The first few commands just install the needed requirements, and lastly, we run lets-encrypt! If you havent used let’s encrypt, 1st off you’ve been missing out, and 2nd off, go RTFM 🙂 : http://manpages.ubuntu.com/manpages/xenial/man1/letsencrypt.1.html.

We are using some hacky inline jinja templating here: {{vhosts|map(attribute='servername')| join(',') |quote}} to take the servername of every vhost, and transform it into a comma seperated list for the letsencrypt command to take. see: http://ansible-docs.readthedocs.io/zh/stable-2.0/rst/playbooks_filters.html

Ok, thats it! We’ve done it! We’ve developed a role that allows us to quickly deploy a redirector to an existing server!

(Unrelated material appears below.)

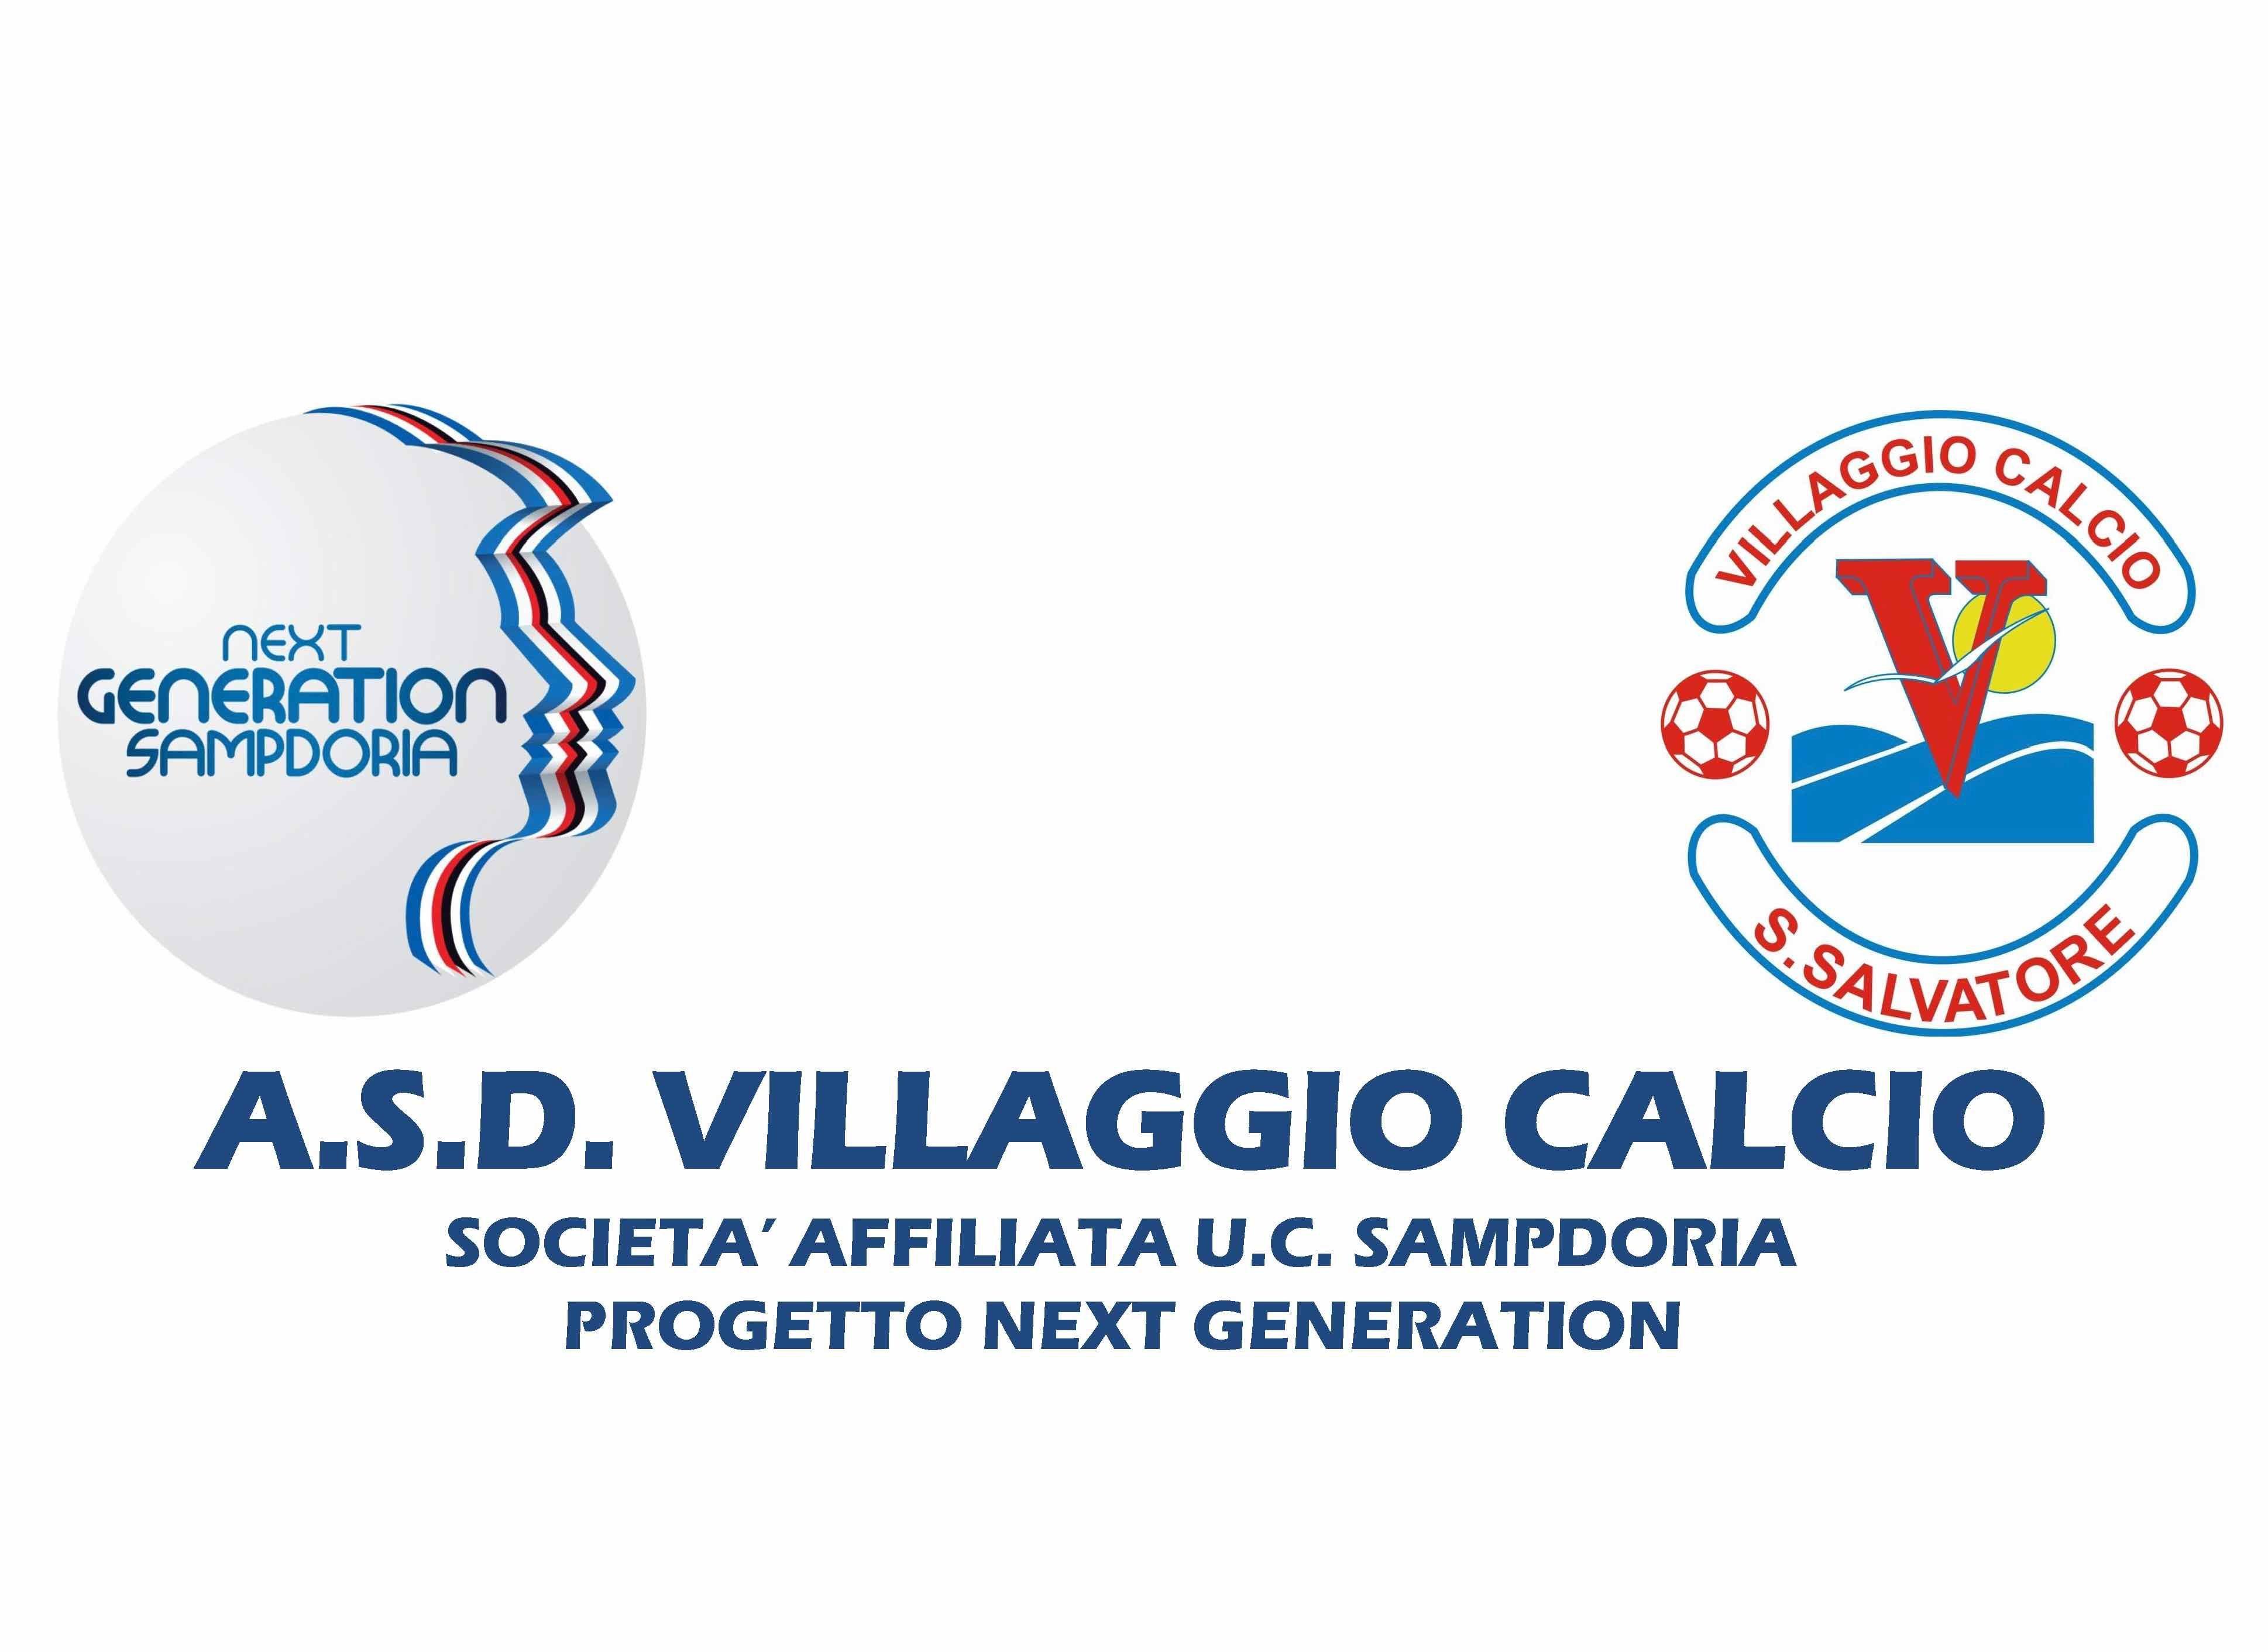 Villaggio Calcio entra a far parte del Progetto Next Generation dell'U.C. Sampdoria

Next steps are to run the role. Create your playbook in the form of the example we covered and run ansible-playbook -i <your_hosts_file> <your_playbook>. Ensure that this roles is in the roles directory in the same path of your playbook, and your hop and/or config files are placed correctly. Your directory layout should look like:

├── my_playbook.yml
├── files
│   └── empire_hop
│       └── news
│           └── login.php
└── roles
    ├── redirectors
    │   ├── files
    │   ├── handlers
    │   │   └── main.yaml
    │   ├── meta
    │   ├── tasks
    │   │   ├── apache.yml
    │   │   ├── letsencrypt.yml
    │   │   └── main.yml
    │   ├── templates
    │   │   ├── apache_sslvhost.conf.j2
    │   │   └── apache_vhost.conf.j2
    │   └── vars

Closing Thoughts

This redirector configuration automation is just a basis for our red team infrastructure automation. By building on this substrate, we can build powerful tools to bring up C2 servers quickly and effectively. Next post we’ll discuss how we can automate the server creation itself and provision these redirectors based on dynamic Terraform state files. See you then.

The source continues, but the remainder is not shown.